OOS 8-1 - Undergraduate data science: Biological connections and assessing impacts

Tuesday, August 8, 2017: 8:00 AM
Portland Blrm 255, Oregon Convention Center
Louis J. Gross1, Suzanne Lenhart2, Robin Taylor3, Pamela Bishop3 and Kelly Sturner4, (1)Ecology and Evolutionary Biology and Mathematics, University of Tennessee, Knoxville, TN, (2)Mathematics, University of Tennessee, Knoxville, TN, (3)National Institute for STEM Evaluation and Research, University of Tennessee, Knoxville, TN, (4)National Institute for Mathematical and Biological Synthesis, University of Tennessee, Knoxville, TN
Background/Question/Methods

As an outgrowth of the availability of "big data" across many domains, institutions are developing diverse pathways for data science education. There are ongoing discussions at the national level as well as within educational institutions about what topics fall under the data science discipline and how its core concepts and skills relate to those in many quantitative domain disciplines. Undergraduate data science texts are just beginning to appear, some with emphasis on biology. There are an immense collection of formal and informal materials on data science available online that might be beneficial to undergraduate education, but there is little guidance on how to effectively "downscale" the concepts to mesh with the quantitative level of many undergraduates. Despite efforts over many years to enhance quantitative foundations for life science students, in general this has been limited to basic statistics and calculus. We will summarize the history of such efforts and note some lessons from these that may be beneficial as biology educators collaborate with colleagues developing data science programs. One such lesson derives from the development of methods to assess the impact on quantitative concept comprehension from inclusion of biological examples.

Results/Conclusions

With NSF support, a group of educators, evaluators, and mathematical biologists have been developing a Quantitative Biology Concept Inventory (QBCI) as an instrument to assess student's mathematics abilities as affected by the use of real-world examples from the life sciences. One objective is to investigate whether life science students taking a course that places mathematical concepts in a biological context are more readily able to understand the underlying concepts, and apply them to other examples, than students who have not had this exposure to examples from the life sciences. This addresses a fundamental question in teaching mathematics: whether placing the mathematics in a concrete, real-world context helps students learn the mathematical ideas and enhances their skills in applying the mathematics.
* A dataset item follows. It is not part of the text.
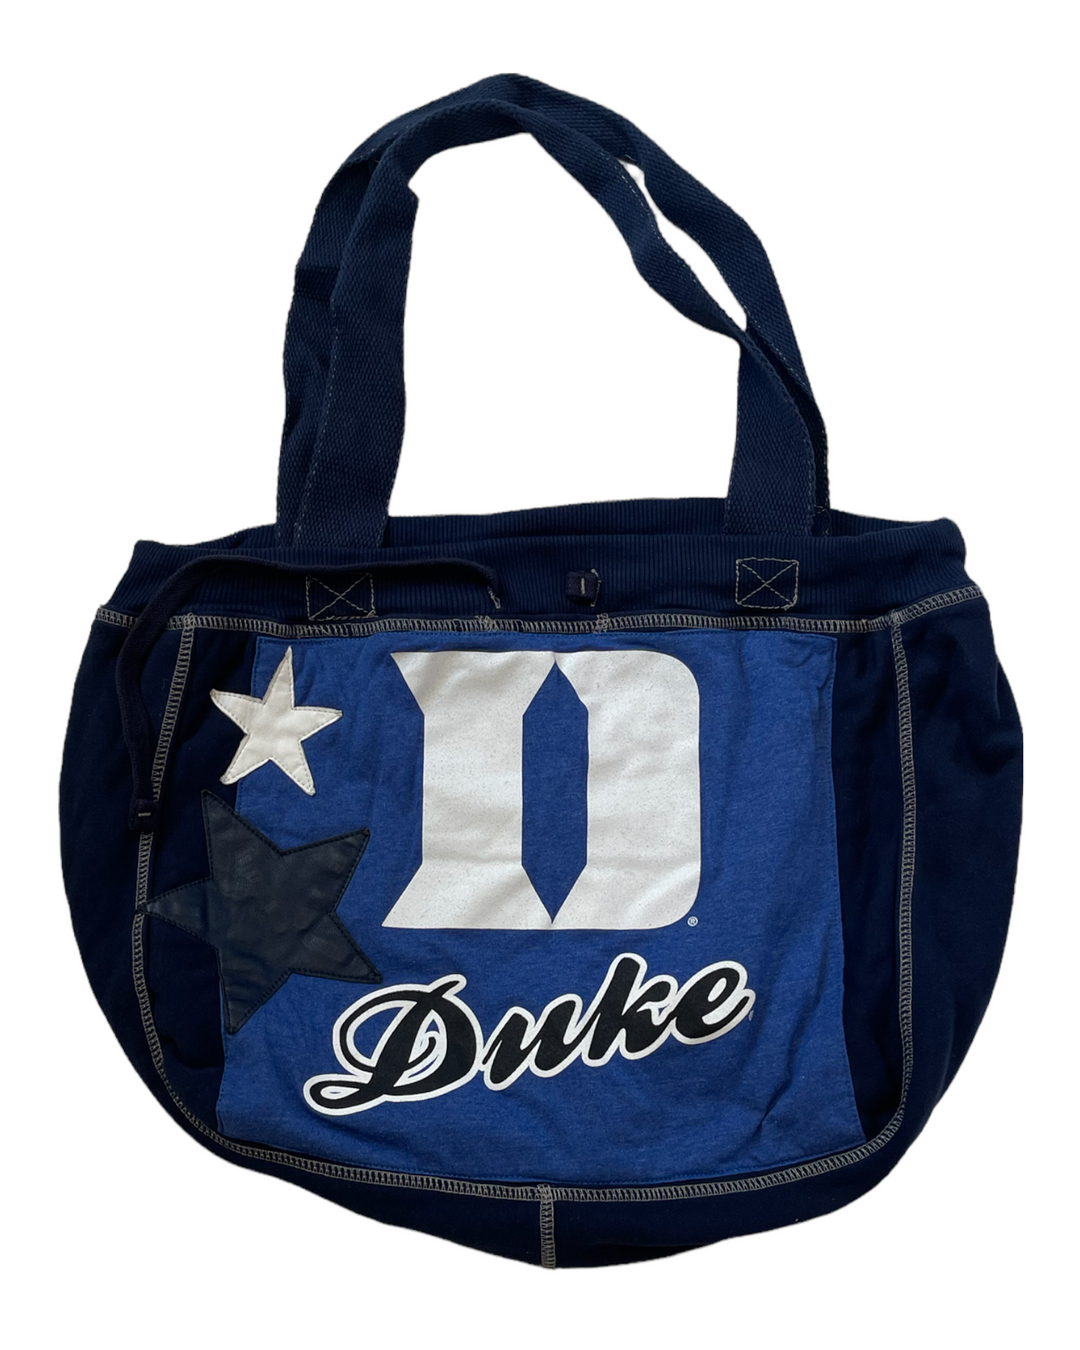 Patched Up Duke Tote

The process of developing the QBCI has included consultation with a large cadre of individuals with extensive teaching experience in quantitative biology, several focus groups with biology undergraduates, development of a pilot version, and revisions based upon implementation in courses. We will present preliminary results from additional piloting of the QBCI, empasizing comparisons of responses from biology students with a standard calculus course to those from a course emphasizing biological examples.